Premium
Heritability and genetic correlations of insulin sensitivity measured by the euglycaemic clamp
Author(s) -
RasmussenTorvik L. J.,
Pankow J. S.,
Jacobs D. R.,
Steffen L. M.,
Moran A. M.,
Steinberger J.,
Sinaiko A. R.
Publication year - 2007
Publication title -
diabetic medicine
Language(s) - English
Resource type - Journals
SCImago Journal Rank - 1.474
H-Index - 145
eISSN - 1464-5491
pISSN - 0742-3071
DOI - 10.1111/j.1464-5491.2007.02271.x
Subject(s) - insulin resistance , heritability , insulin , endocrinology , medicine , glucose clamp technique , population , clamp , insulin sensitivity , biology , genetics , mechanical engineering , clamping , environmental health , engineering
Aims Studies investigating genetic factors influencing insulin sensitivity/insulin resistance have measured this phenotype using a variety of methods.
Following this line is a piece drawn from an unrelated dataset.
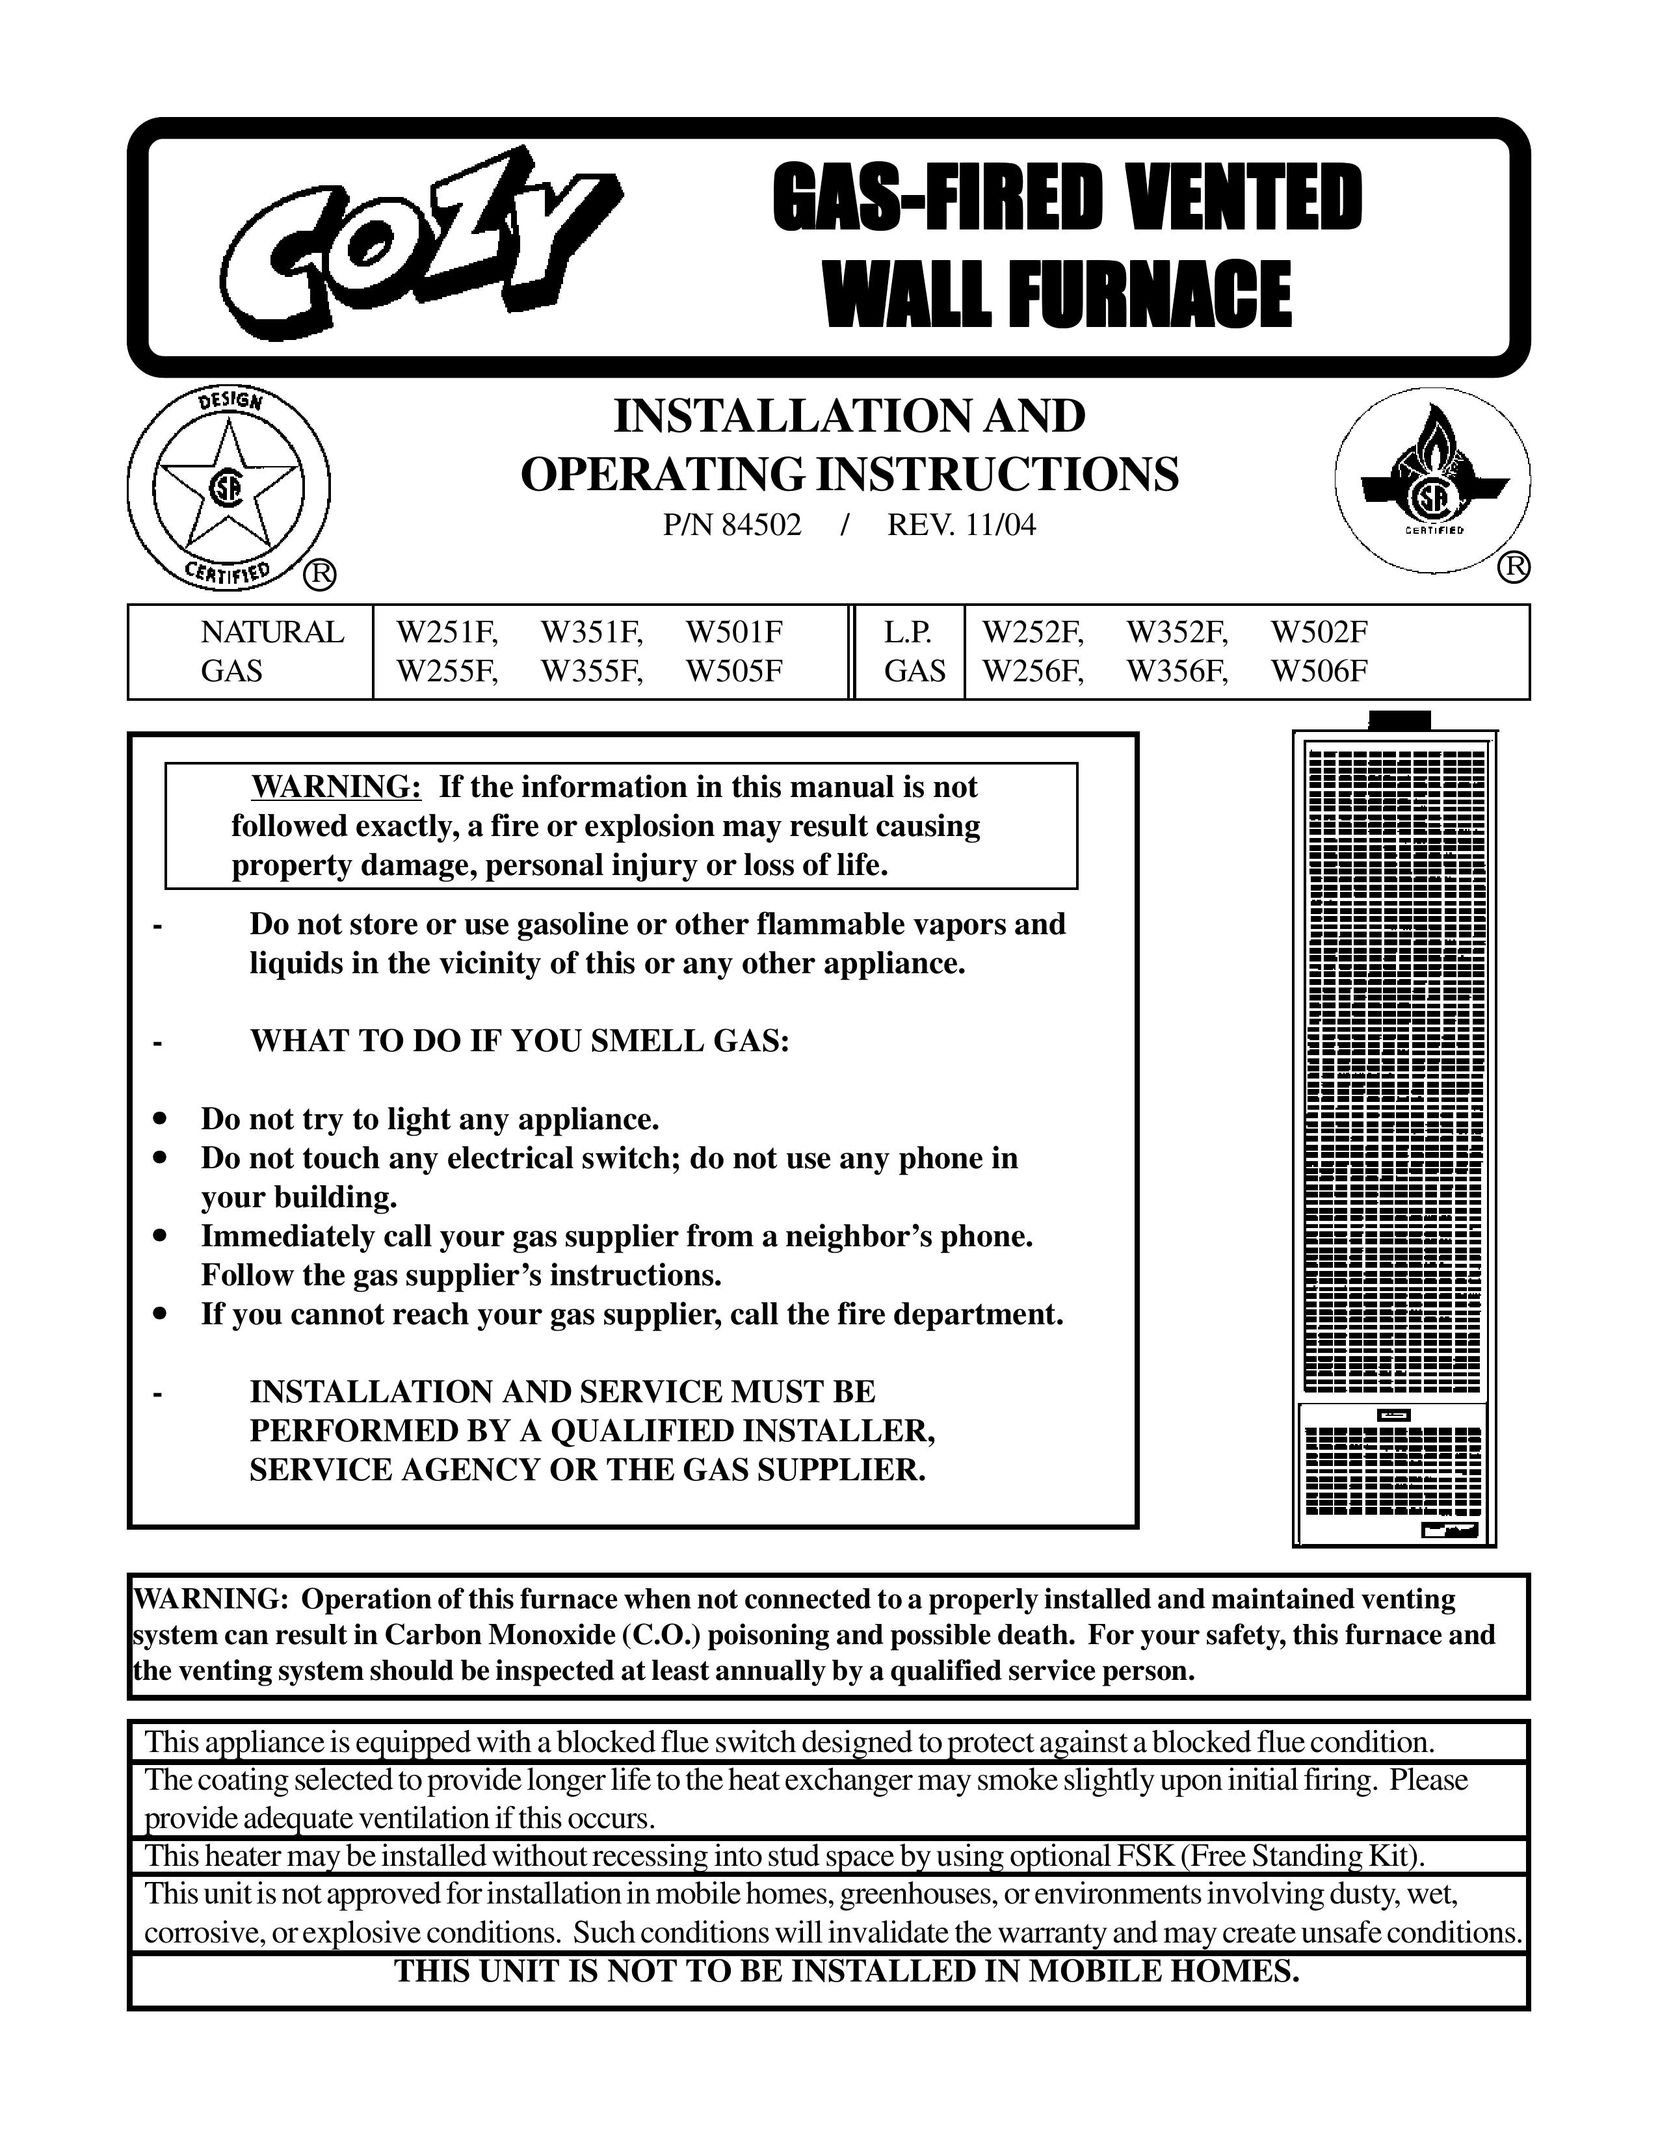 Louisville Tin and Stove W351F Furnace User Manual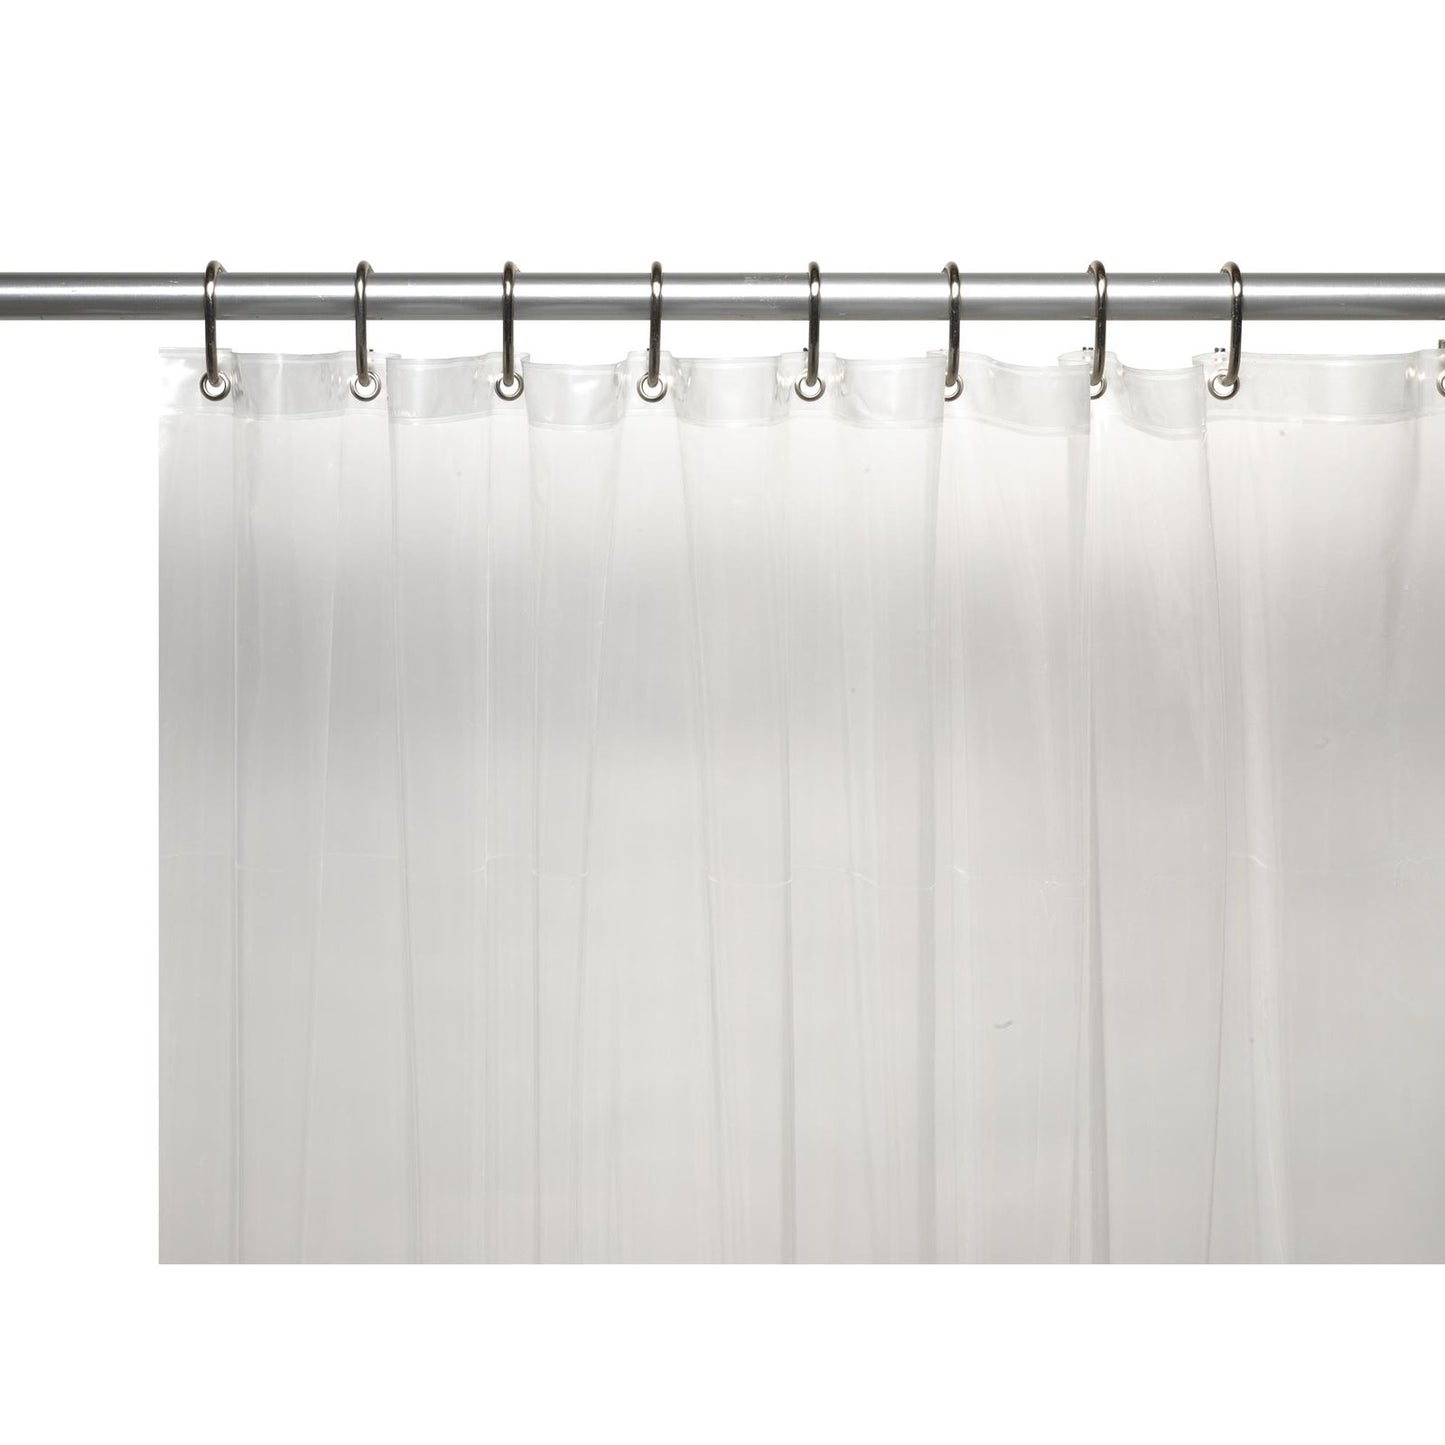 48 pack (1 case) 3 gauge vinyl shower curtain liners 70x72 @ $2.99 each

In this study, genetic correlations and heritability of insulin sensitivity measured using the euglycaemic hyperinsulinaemic clamp and related phenotypes were examined. Methods The study population included 818 non‐diabetic individuals from 297 nuclear families. Genetic correlations and heritability estimates were calculated using variance components methods. Results Homeostasis model of insulin resistance (HOMA‐IR) and fasting insulin were very highly phenotypically and genetically correlated ( r = 0.99 and r = 0.99). HOMA‐IR and insulin sensitivity measured with the euglycaemic clamp were only moderately genetically correlated ( r = – 0.53), suggesting that the two traits may be influenced, at least in part, by different genes. Heritabilities for fasting insulin ( h 2 = 0.36) and HOMA‐IR ( h 2 = 0.38) were consistent with the published literature, but heritability for insulin sensitivity measured by the euglycaemic clamp was slightly lower than other published estimates ( h 2 = 0.24). Conclusions Because HOMA‐IR (or fasting insulin) and insulin sensitivity measured with the euglycaemic clamp are not highly genetically correlated, they should not be used interchangeably in genetic studies. Given the very high correlations between fasting insulin and HOMA‐IR, HOMA‐IR does not offer any advantage over fasting insulin in analyses of insulin sensitivity in this population.